Even more frequent at Sundance 2001 was the spectacle of norm-shattering duality, the paradoxically potent status of people who defy convention just by contradicting it. Henry Bean’s The Believer tells the fact-based story of the Jewish intellectual neo-Nazi Daniel Balint; the crowd-pleasing Hedwig and the Angry Inch, based on John Cameron Mitchell and Stephen Trask’s off-Broadway musical hit, is the story of an East German glam rocker with a surgically foreshortened “angry inch” between his legs. Indeed, forms of sexually determined outlawry were rife at Sundance 2001: Kate Davis’s Southern Comfort is a documentary portrait of a female-to-male transsexual with ovarian cancer; Tom Shepard’s Scout’s Honor depicts the struggle to overcome anti-gay forces in the Boy Scouts of America; while Trembling before G-d, by Sandi Simcha DuBowski, probes the phenomenon of homosexuality in orthodox Jewry.

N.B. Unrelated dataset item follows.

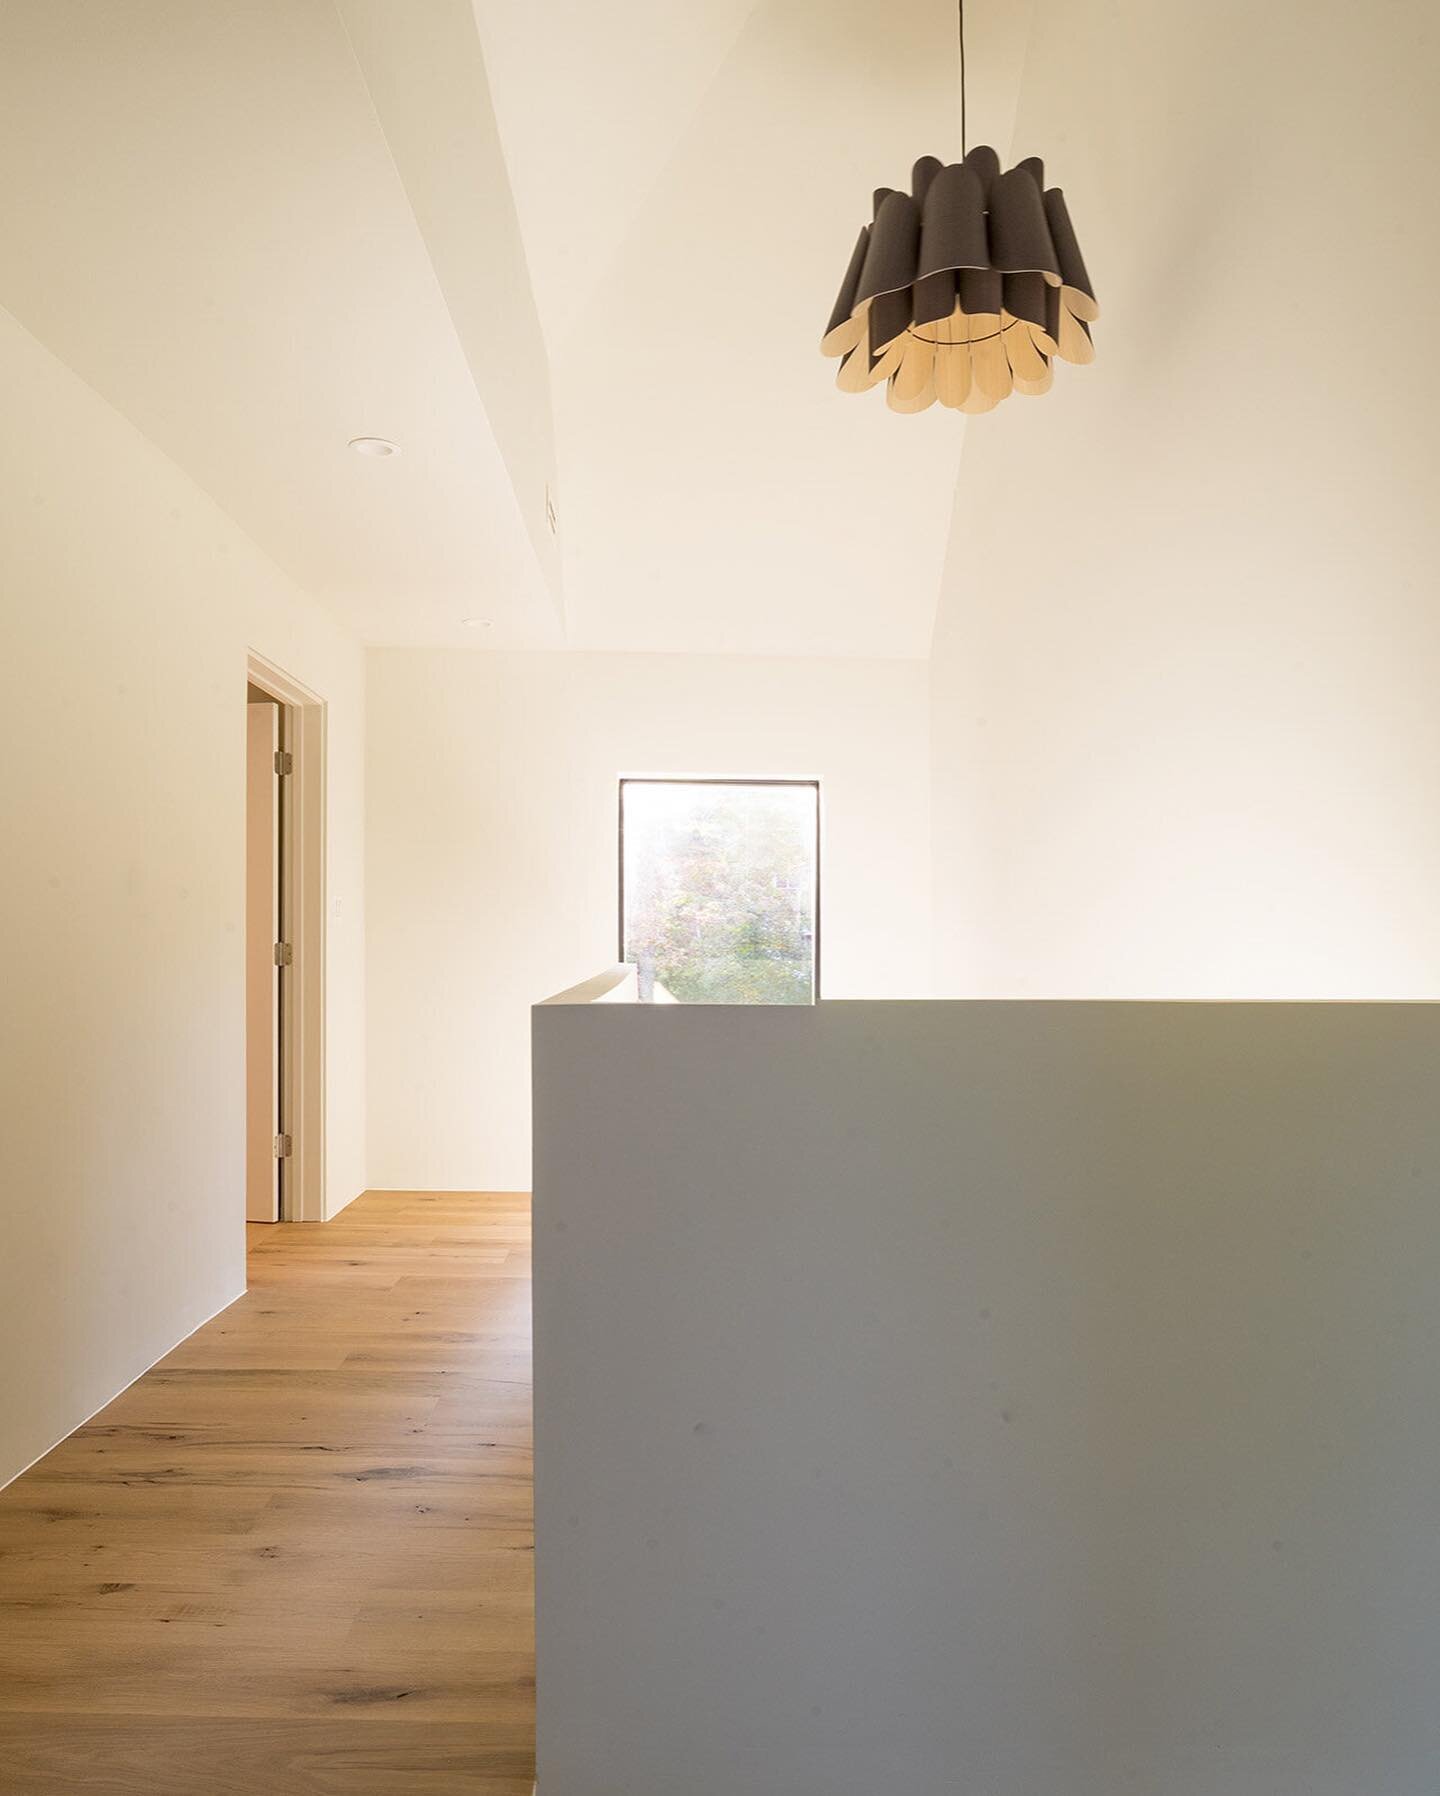 Throwback to a contemporary home renovation we did in Northwest DC. Don&rsquo;t you just love the warmth of natural light on a white wall? 😍 #contemporaryarchitecture #naturallight #interiordesign #dcarchitecture #residentialarchitecture

Easily the most popular of the four Canadian movies screened at the festival — the others were Denis Villeneuve’s Maelstrom, Alanis Obomsawin’s Rocks at Whiskey Trench and Noam Gonick’s Hey, Happy! — Lea Pool’s sturdily assembled and emotionally captivating adaptation of Susan Swan’s novel The Wives of Bath, called Lost and Delirious, also treads on the marginal terrain of transgressive uncertainty: it’s the story of one teenage girl’s near-operatic breakdown when she is rejected by a fellow student at a leafy boarding school.

For sheer feel-good confirmation of the indie spirit, Sundance offered nothing more infectiously bracing than two documentaries about underclass urban subcultural vitality: Stacy Peralto’s Dogtown and Z-Boys, about skateboarding’s most innovative and influential teenage crew, and Doug Pray’s Scratch, about the history and musical vitality of hands-on-vinyl hip-hop or “turntableism.” As exuberant testimonials to the unstoppable organic accidents that breed new forms of boundary defying art and expression, Dogtown and Z-Boys and Scratch could not have asked for a more apt coming-out context than Sundance, where nothing plays better than the rejuvenating romance — nostalgic or otherwise — of outlaw artistry.

Out here on what once passed for the frontier, in the context of a movie festival named after a real outlaw made most famous by a golden-haired movie star, the issue is not selling out. It’s the integrity of what you sold in the first place.